Instructions to follow →
Return the listing below in full, exactly.

Source data →
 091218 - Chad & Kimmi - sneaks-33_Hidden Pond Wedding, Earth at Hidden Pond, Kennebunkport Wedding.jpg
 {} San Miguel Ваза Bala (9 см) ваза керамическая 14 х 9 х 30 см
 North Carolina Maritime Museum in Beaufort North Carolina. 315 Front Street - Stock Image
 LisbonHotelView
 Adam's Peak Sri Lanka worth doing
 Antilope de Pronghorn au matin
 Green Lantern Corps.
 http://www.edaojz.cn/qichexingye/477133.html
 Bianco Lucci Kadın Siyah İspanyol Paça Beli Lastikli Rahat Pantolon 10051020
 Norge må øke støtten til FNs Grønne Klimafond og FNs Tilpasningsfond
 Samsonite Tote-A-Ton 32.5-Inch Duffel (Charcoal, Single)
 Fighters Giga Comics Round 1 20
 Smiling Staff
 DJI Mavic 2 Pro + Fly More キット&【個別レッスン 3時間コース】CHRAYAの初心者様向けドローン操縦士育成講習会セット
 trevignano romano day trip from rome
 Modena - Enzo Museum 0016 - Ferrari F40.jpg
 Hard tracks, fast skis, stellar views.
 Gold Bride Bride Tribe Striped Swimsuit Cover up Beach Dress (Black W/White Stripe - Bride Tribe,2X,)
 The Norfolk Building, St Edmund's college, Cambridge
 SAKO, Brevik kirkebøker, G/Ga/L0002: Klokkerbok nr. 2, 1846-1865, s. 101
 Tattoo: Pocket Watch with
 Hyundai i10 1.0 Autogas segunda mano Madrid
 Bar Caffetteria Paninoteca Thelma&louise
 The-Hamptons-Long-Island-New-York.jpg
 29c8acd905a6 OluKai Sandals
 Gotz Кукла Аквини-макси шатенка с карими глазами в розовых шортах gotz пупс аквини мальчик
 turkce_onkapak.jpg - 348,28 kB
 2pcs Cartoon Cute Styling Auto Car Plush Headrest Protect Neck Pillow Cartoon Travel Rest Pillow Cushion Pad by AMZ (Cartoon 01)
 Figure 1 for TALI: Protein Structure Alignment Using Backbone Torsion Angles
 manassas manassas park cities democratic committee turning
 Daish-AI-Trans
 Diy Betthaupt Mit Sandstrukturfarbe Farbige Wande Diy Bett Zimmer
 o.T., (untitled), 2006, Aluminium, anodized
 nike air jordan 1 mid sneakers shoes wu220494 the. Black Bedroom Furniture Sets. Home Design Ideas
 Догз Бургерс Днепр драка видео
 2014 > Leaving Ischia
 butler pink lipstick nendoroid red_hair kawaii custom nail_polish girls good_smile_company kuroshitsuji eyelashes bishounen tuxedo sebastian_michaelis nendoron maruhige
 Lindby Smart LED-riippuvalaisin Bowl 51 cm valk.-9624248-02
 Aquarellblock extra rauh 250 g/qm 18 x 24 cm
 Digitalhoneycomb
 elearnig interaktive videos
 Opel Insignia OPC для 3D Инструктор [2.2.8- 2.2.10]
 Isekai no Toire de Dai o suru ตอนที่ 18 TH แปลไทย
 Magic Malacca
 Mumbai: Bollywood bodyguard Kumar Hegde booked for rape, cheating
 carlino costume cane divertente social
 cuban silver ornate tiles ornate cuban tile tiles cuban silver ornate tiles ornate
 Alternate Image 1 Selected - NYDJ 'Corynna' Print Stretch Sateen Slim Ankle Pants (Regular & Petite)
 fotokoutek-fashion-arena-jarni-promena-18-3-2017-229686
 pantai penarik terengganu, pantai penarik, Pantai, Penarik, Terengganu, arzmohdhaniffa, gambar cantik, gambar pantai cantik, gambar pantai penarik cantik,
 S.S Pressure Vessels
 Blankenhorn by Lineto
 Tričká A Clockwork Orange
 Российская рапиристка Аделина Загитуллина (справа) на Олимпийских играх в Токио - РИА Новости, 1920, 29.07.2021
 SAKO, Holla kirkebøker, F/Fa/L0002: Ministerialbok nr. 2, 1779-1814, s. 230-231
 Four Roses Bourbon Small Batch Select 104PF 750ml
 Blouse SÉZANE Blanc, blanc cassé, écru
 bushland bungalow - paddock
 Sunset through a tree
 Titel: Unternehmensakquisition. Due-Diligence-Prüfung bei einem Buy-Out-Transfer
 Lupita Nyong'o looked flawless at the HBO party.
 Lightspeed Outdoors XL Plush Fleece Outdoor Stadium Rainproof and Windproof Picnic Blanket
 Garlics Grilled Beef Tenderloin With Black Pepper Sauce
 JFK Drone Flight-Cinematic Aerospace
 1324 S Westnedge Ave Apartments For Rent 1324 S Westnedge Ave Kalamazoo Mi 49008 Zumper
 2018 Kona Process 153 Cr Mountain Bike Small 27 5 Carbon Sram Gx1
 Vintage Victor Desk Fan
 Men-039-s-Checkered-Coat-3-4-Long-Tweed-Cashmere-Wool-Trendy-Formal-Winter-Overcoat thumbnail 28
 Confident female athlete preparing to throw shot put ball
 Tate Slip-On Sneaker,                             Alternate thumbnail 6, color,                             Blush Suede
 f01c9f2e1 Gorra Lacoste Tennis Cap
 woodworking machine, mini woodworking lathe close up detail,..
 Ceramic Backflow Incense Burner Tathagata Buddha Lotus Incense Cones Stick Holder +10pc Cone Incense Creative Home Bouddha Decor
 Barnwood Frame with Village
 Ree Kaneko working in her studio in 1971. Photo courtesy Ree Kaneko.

Worked solution →
 091218 - Chad & Kimmi - sneaks-33_Hidden Pond Wedding, Earth at Hidden Pond, Kennebunkport Wedding.jpg
 {} San Miguel Ваза Bala (9 см) ваза керамическая 14 х 9 х 30 см
 North Carolina Maritime Museum in Beaufort North Carolina. 315 Front Street - Stock Image
 LisbonHotelView
 Adam's Peak Sri Lanka worth doing
 Antilope de Pronghorn au matin
 Green Lantern Corps.
 http://www.edaojz.cn/qichexingye/477133.html
 Bianco Lucci Kadın Siyah İspanyol Paça Beli Lastikli Rahat Pantolon 10051020
 Norge må øke støtten til FNs Grønne Klimafond og FNs Tilpasningsfond
 Samsonite Tote-A-Ton 32.5-Inch Duffel (Charcoal, Single)
 Fighters Giga Comics Round 1 20
 Smiling Staff
 DJI Mavic 2 Pro + Fly More キット&【個別レッスン 3時間コース】CHRAYAの初心者様向けドローン操縦士育成講習会セット
 trevignano romano day trip from rome
 Modena - Enzo Museum 0016 - Ferrari F40.jpg
 Hard tracks, fast skis, stellar views.
 Gold Bride Bride Tribe Striped Swimsuit Cover up Beach Dress (Black W/White Stripe - Bride Tribe,2X,)
 The Norfolk Building, St Edmund's college, Cambridge
 SAKO, Brevik kirkebøker, G/Ga/L0002: Klokkerbok nr. 2, 1846-1865, s. 101
 Tattoo: Pocket Watch with
 Hyundai i10 1.0 Autogas segunda mano Madrid
 Bar Caffetteria Paninoteca Thelma&louise
 The-Hamptons-Long-Island-New-York.jpg
 29c8acd905a6 OluKai Sandals
 Gotz Кукла Аквини-макси шатенка с карими глазами в розовых шортах gotz пупс аквини мальчик
 turkce_onkapak.jpg - 348,28 kB
 2pcs Cartoon Cute Styling Auto Car Plush Headrest Protect Neck Pillow Cartoon Travel Rest Pillow Cushion Pad by AMZ (Cartoon 01)
 Figure 1 for TALI: Protein Structure Alignment Using Backbone Torsion Angles
 manassas manassas park cities democratic committee turning
 Daish-AI-Trans
 Diy Betthaupt Mit Sandstrukturfarbe Farbige Wande Diy Bett Zimmer
 o.T., (untitled), 2006, Aluminium, anodized
 nike air jordan 1 mid sneakers shoes wu220494 the. Black Bedroom Furniture Sets. Home Design Ideas
 Догз Бургерс Днепр драка видео
 2014 > Leaving Ischia
 butler pink lipstick nendoroid red_hair kawaii custom nail_polish girls good_smile_company kuroshitsuji eyelashes bishounen tuxedo sebastian_michaelis nendoron maruhige
 Lindby Smart LED-riippuvalaisin Bowl 51 cm valk.-9624248-02
 Aquarellblock extra rauh 250 g/qm 18 x 24 cm
 Digitalhoneycomb
 elearnig interaktive videos
 Opel Insignia OPC для 3D Инструктор [2.2.8- 2.2.10]
 Isekai no Toire de Dai o suru ตอนที่ 18 TH แปลไทย
 Magic Malacca
 Mumbai: Bollywood bodyguard Kumar Hegde booked for rape, cheating
 carlino costume cane divertente social
 cuban silver ornate tiles ornate cuban tile tiles cuban silver ornate tiles ornate
 Alternate Image 1 Selected - NYDJ 'Corynna' Print Stretch Sateen Slim Ankle Pants (Regular & Petite)
 fotokoutek-fashion-arena-jarni-promena-18-3-2017-229686
 pantai penarik terengganu, pantai penarik, Pantai, Penarik, Terengganu, arzmohdhaniffa, gambar cantik, gambar pantai cantik, gambar pantai penarik cantik,
 S.S Pressure Vessels
 Blankenhorn by Lineto
 Tričká A Clockwork Orange
 Российская рапиристка Аделина Загитуллина (справа) на Олимпийских играх в Токио - РИА Новости, 1920, 29.07.2021
 SAKO, Holla kirkebøker, F/Fa/L0002: Ministerialbok nr. 2, 1779-1814, s. 230-231
 Four Roses Bourbon Small Batch Select 104PF 750ml
 Blouse SÉZANE Blanc, blanc cassé, écru
 bushland bungalow - paddock
 Sunset through a tree
 Titel: Unternehmensakquisition. Due-Diligence-Prüfung bei einem Buy-Out-Transfer
 Lupita Nyong'o looked flawless at the HBO party.
 Lightspeed Outdoors XL Plush Fleece Outdoor Stadium Rainproof and Windproof Picnic Blanket
 Garlics Grilled Beef Tenderloin With Black Pepper Sauce
 JFK Drone Flight-Cinematic Aerospace
 1324 S Westnedge Ave Apartments For Rent 1324 S Westnedge Ave Kalamazoo Mi 49008 Zumper
 2018 Kona Process 153 Cr Mountain Bike Small 27 5 Carbon Sram Gx1
 Vintage Victor Desk Fan
 Men-039-s-Checkered-Coat-3-4-Long-Tweed-Cashmere-Wool-Trendy-Formal-Winter-Overcoat thumbnail 28
 Confident female athlete preparing to throw shot put ball
 Tate Slip-On Sneaker,                             Alternate thumbnail 6, color,                             Blush Suede
 f01c9f2e1 Gorra Lacoste Tennis Cap
 woodworking machine, mini woodworking lathe close up detail,..
 Ceramic Backflow Incense Burner Tathagata Buddha Lotus Incense Cones Stick Holder +10pc Cone Incense Creative Home Bouddha Decor
 Barnwood Frame with Village
 Ree Kaneko working in her studio in 1971. Photo courtesy Ree Kaneko.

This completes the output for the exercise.